Dr. Jonas Salk vaccinating a young child in 1955. When he refused to patent his vaccine, he was dubbed "the people's scientist."

 

The Anti-Vaxxers

 

  

Smallpox inarguably shaped the course of human history by killing countless millions in both the Old World and the New World. Dr. Edward Jenner's discovery of vaccination in the late 18th century, and the global eradication of smallpox in the 1970s, rank among the greatest achievements in human history.

US National Library of Medicine, National Institutes of Health

 


I had never met an anti-vaxxer until I moved to upstate New York. I know they are everywhere in the interstices of our lives, but I had never met any. I think I was at a July 4th party when I heard a parent of young children complain that she'd have to home-school her children rather than give them vaccines. There had been a serious measles outbreak in New York State, and the legislature had acted decisively. No vaccines, no return to school. When I asked this parent why she refused to vaccinate her children, she told me, definitively, that vaccines cause autism, a debunked theory. She was an educated woman. What had she been reading? Moreover, as a parent, she continued, it was her "right" not to vaccinate her children. That gave me pause. What if every parent refused to vaccinate their child? The answer is not complicated: we'd have a resurgence of all sorts of diseases that have not been entirely eradicated, including polio.
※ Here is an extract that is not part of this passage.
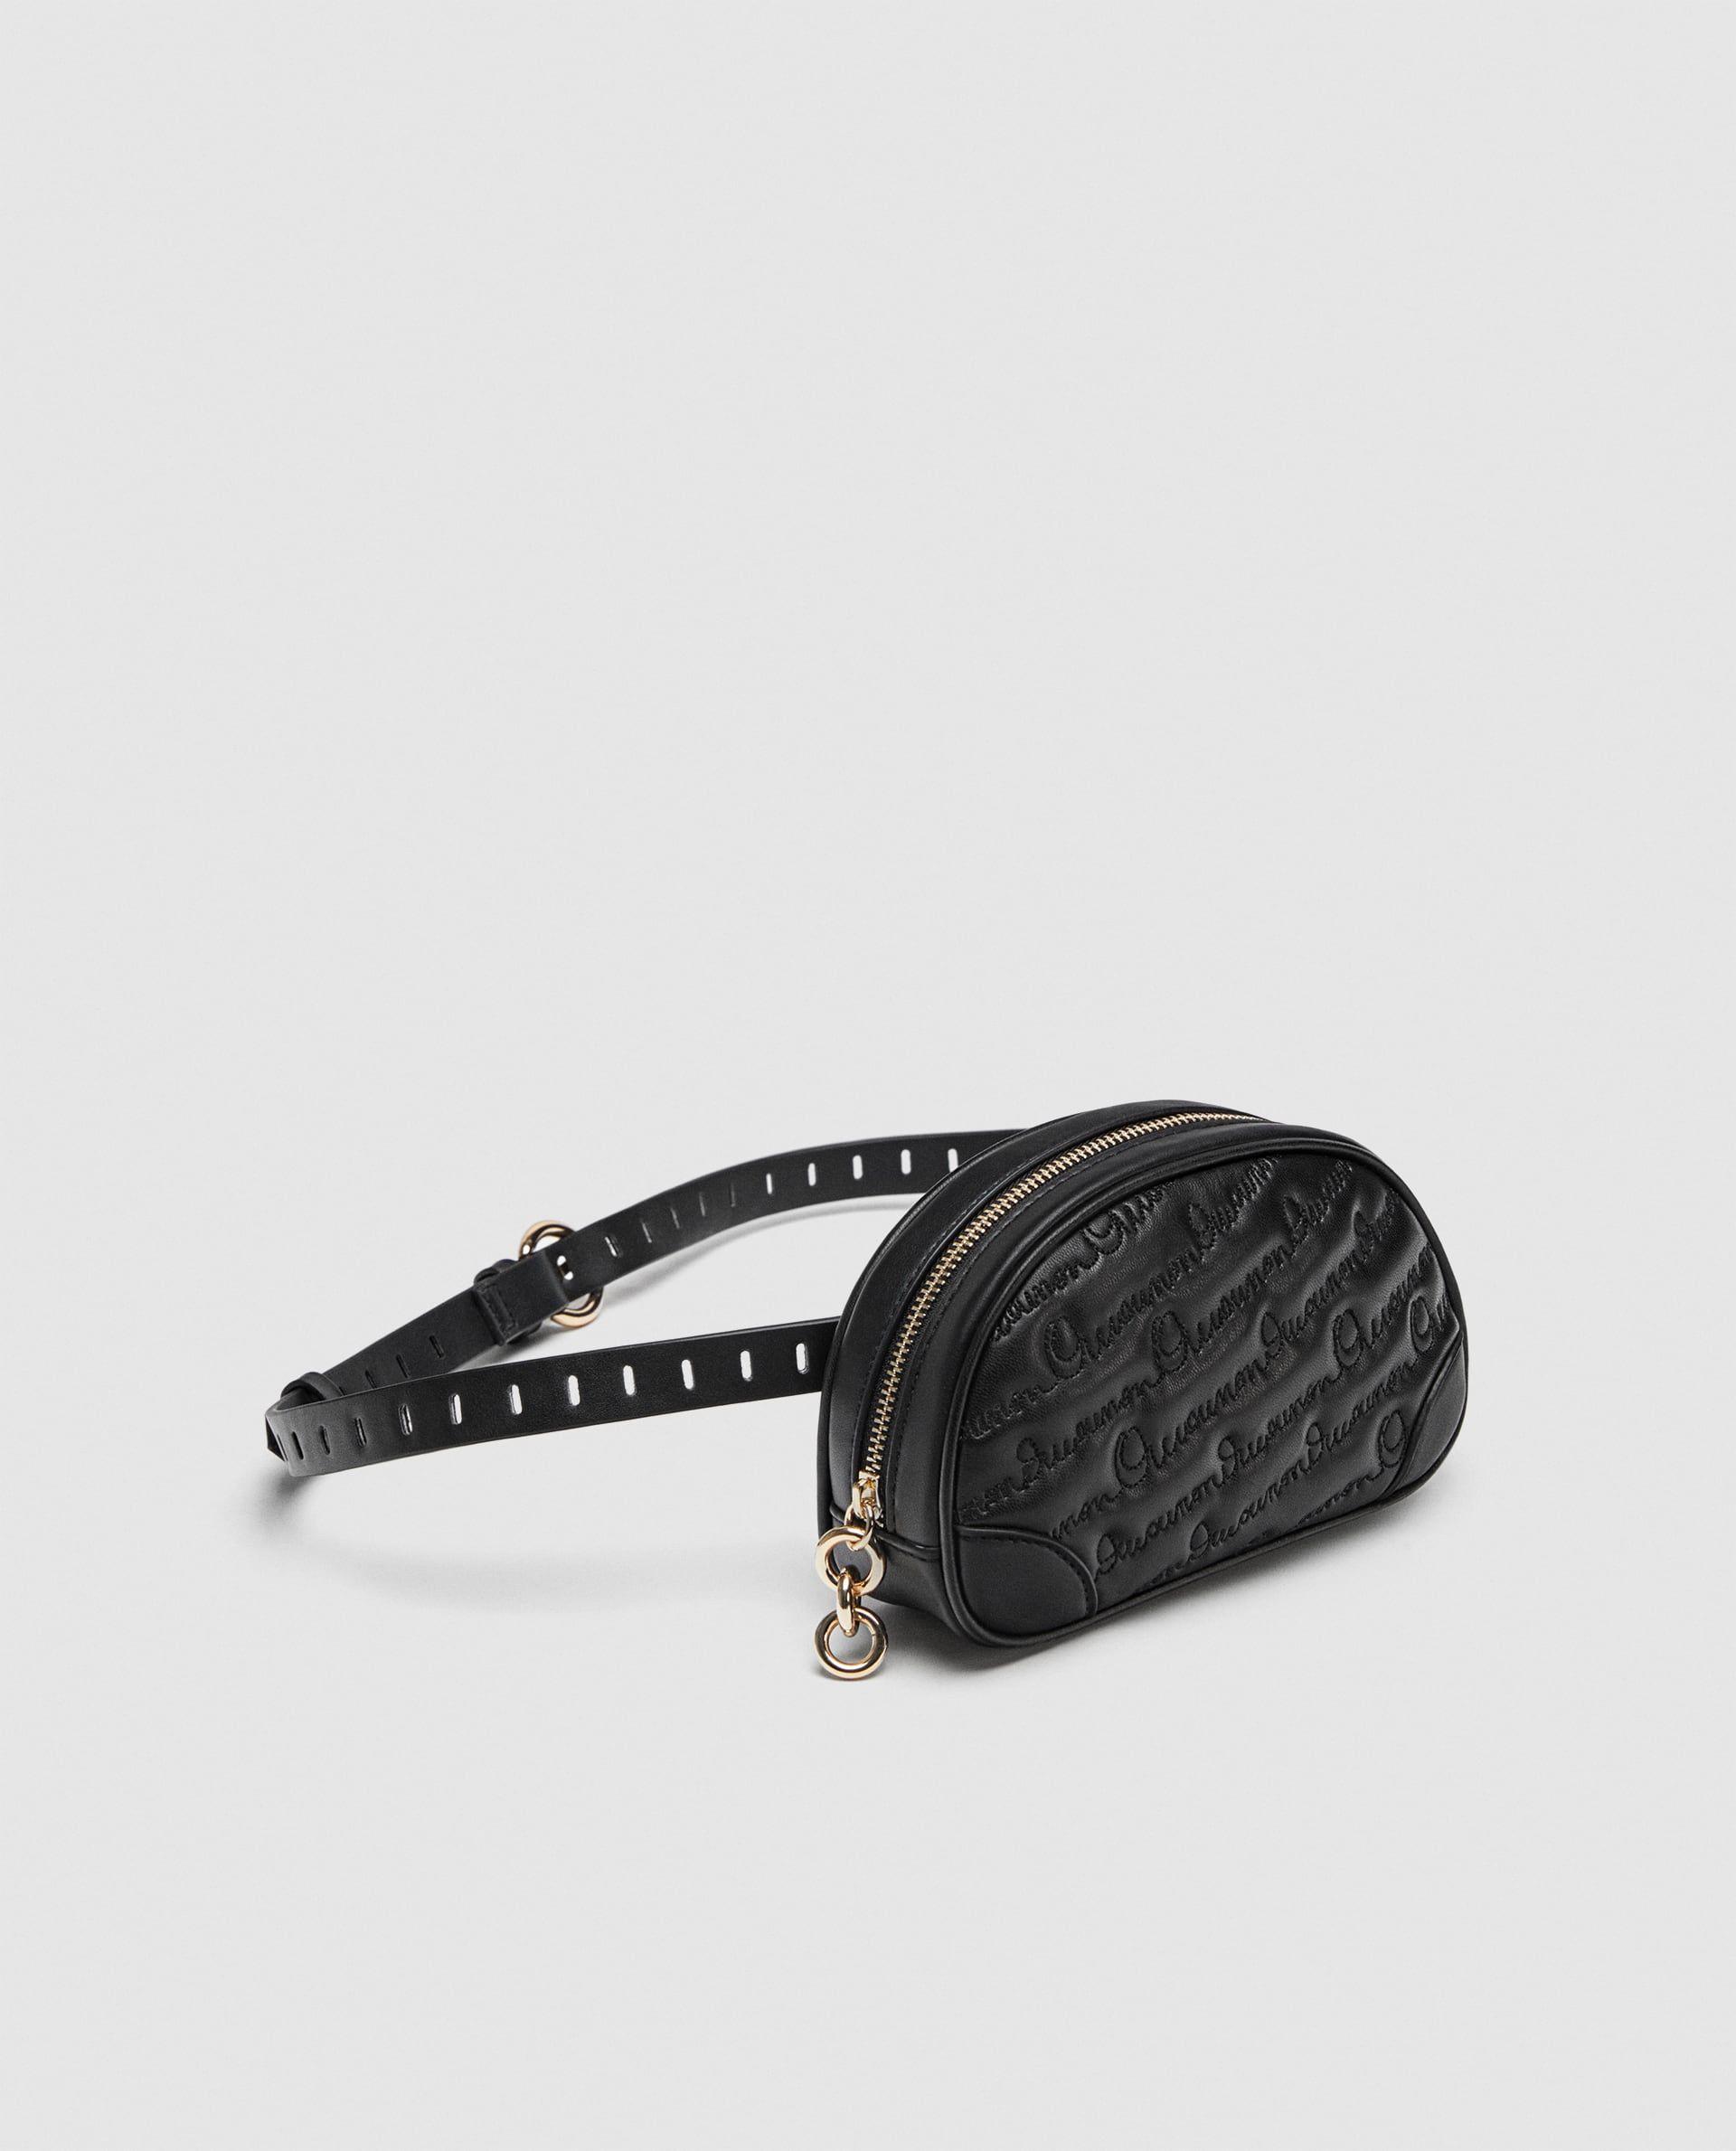 Riñonera acolchada Bolsos de Mujer | Bolsos, Riñonera
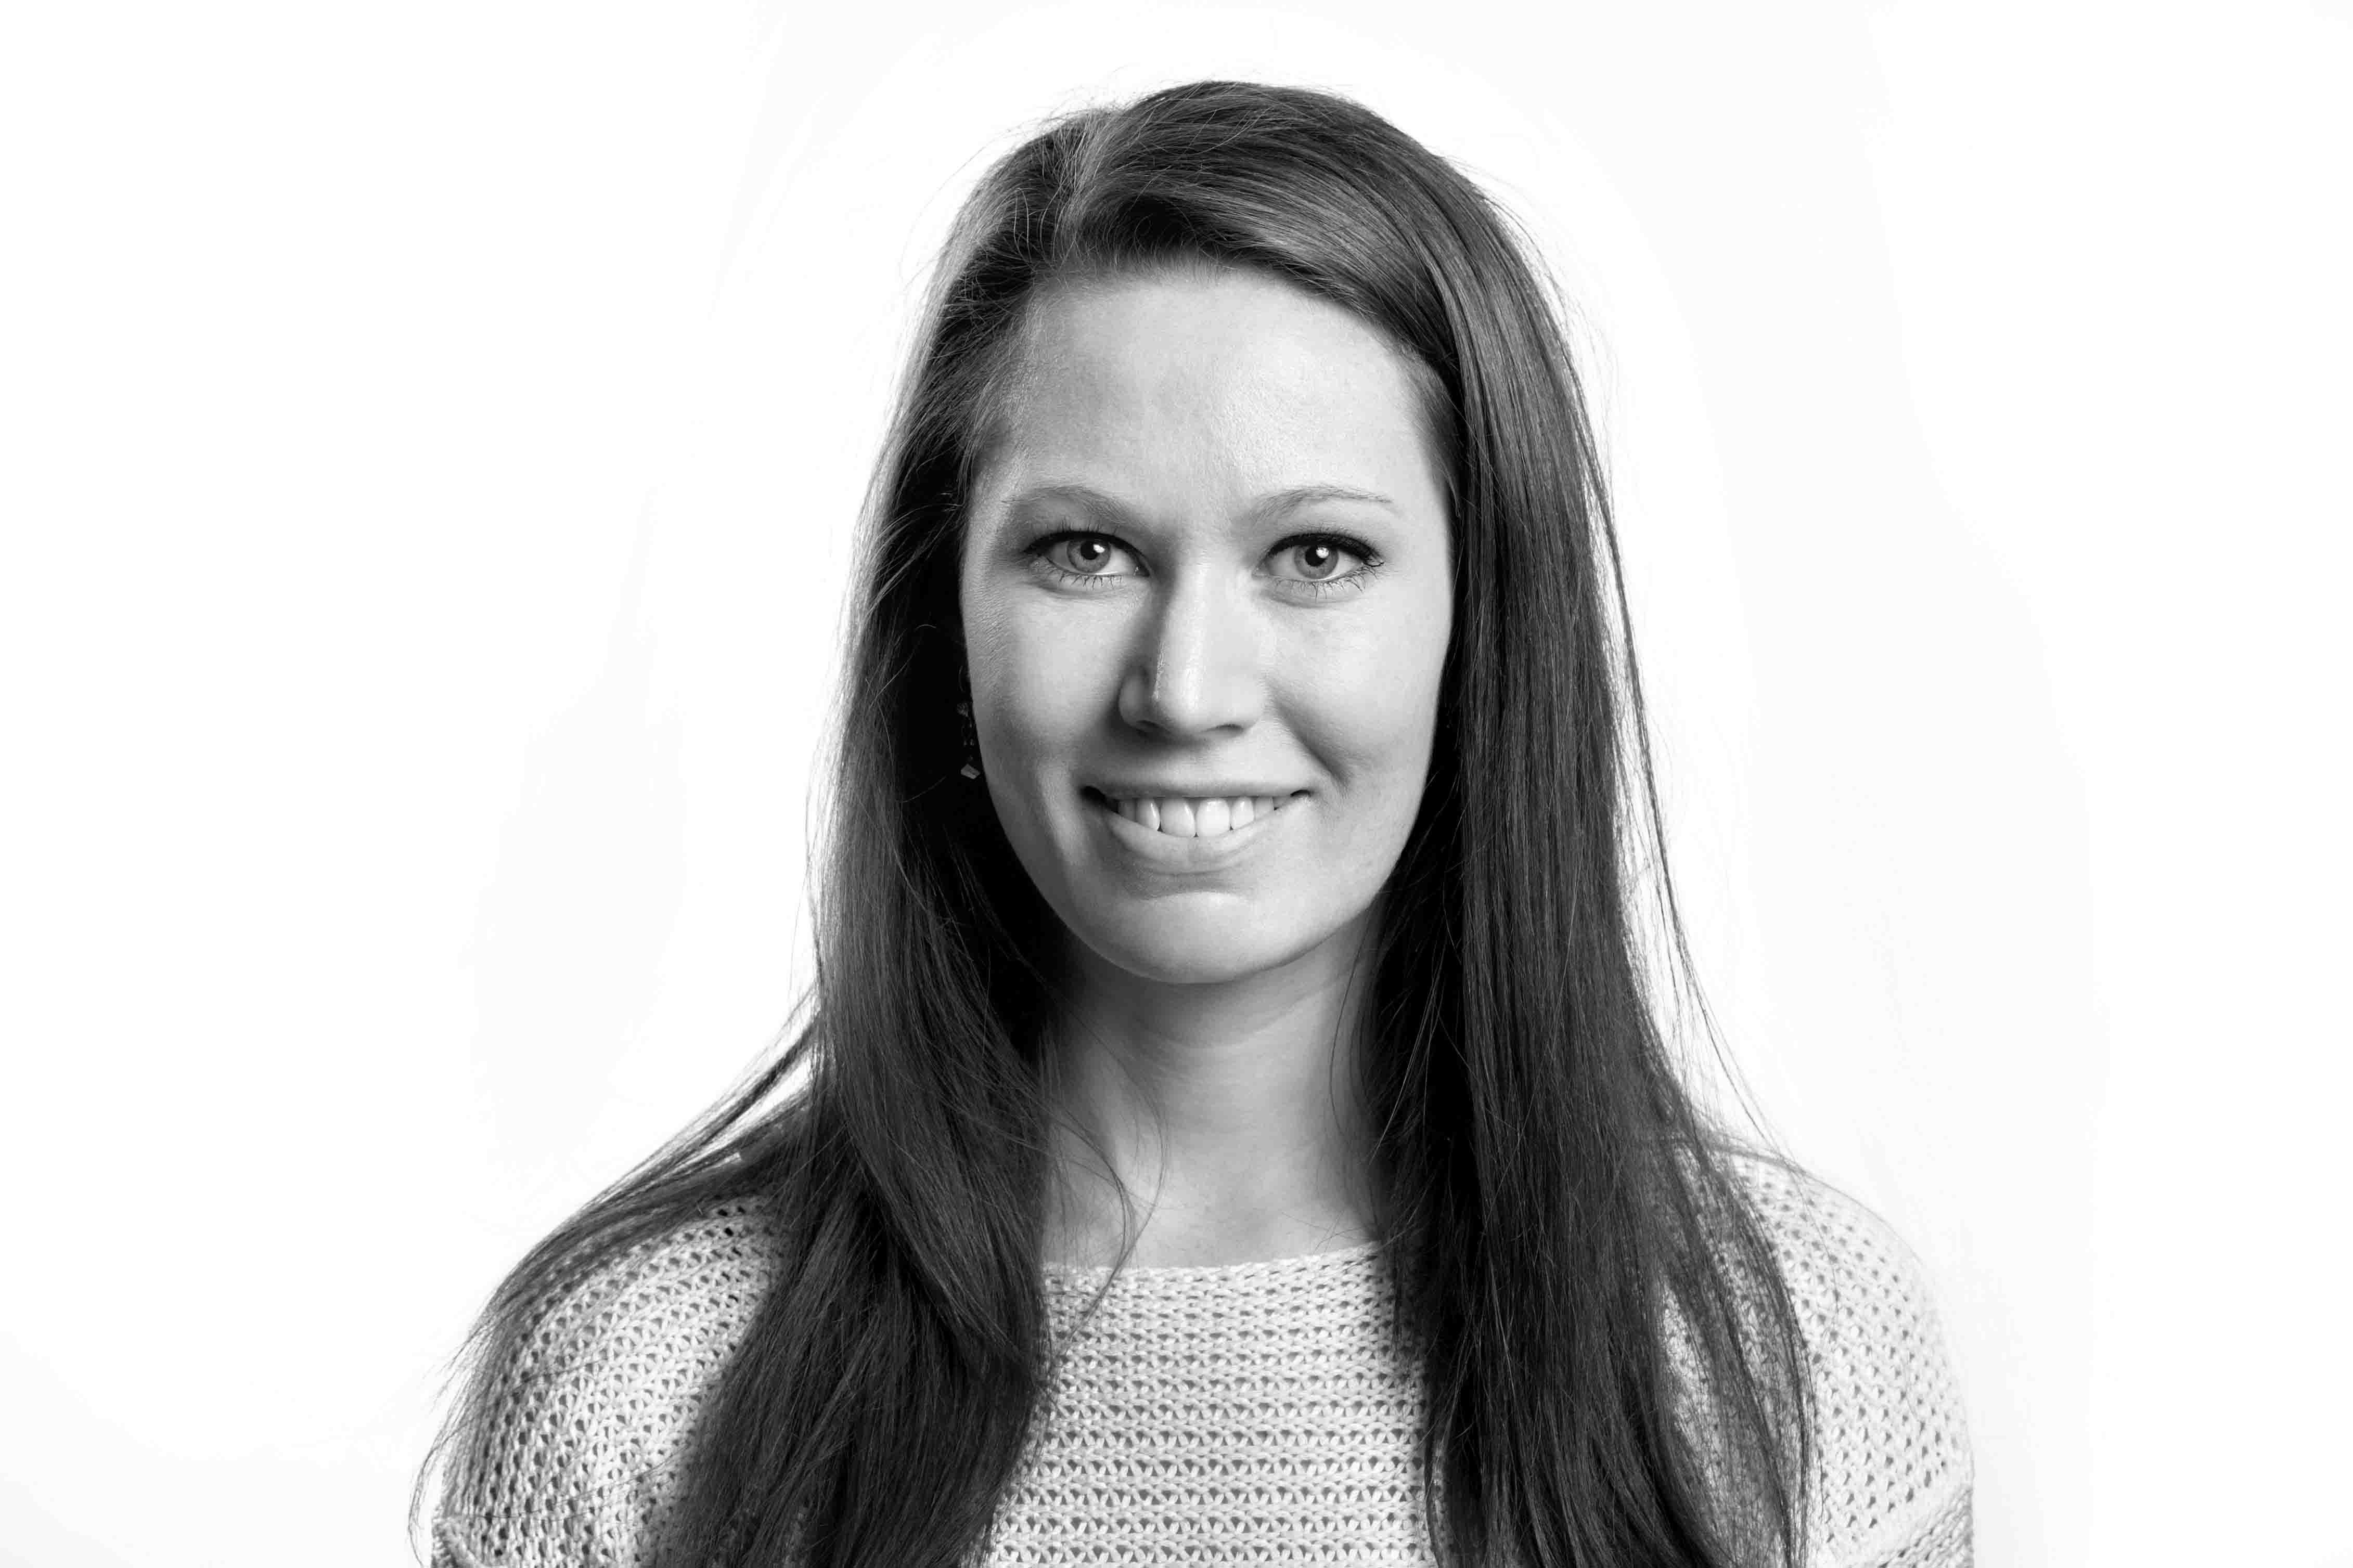 Marianne Syvertsen

I am old enough to remember polio epidemics every summer. Like other privileged New Yorkers, my parents made certain that their children were not in the city during the hot months. Polio is primarily spread through contaminated water or food (fecal-oral transmission), thus the terror of public swimming pools.

 

And then there were vaccines. My physician mother said, "My children will be first in line." The Salk vaccine arrived, then the Sabin oral vaccine. I recall standing online in the school cafeteria with my best Brownie girlfriend. We were in our uniforms, lots of badges. The vaccine was given to us little tykes as a special treat on cherry-flavored sugar cubes. No more polio.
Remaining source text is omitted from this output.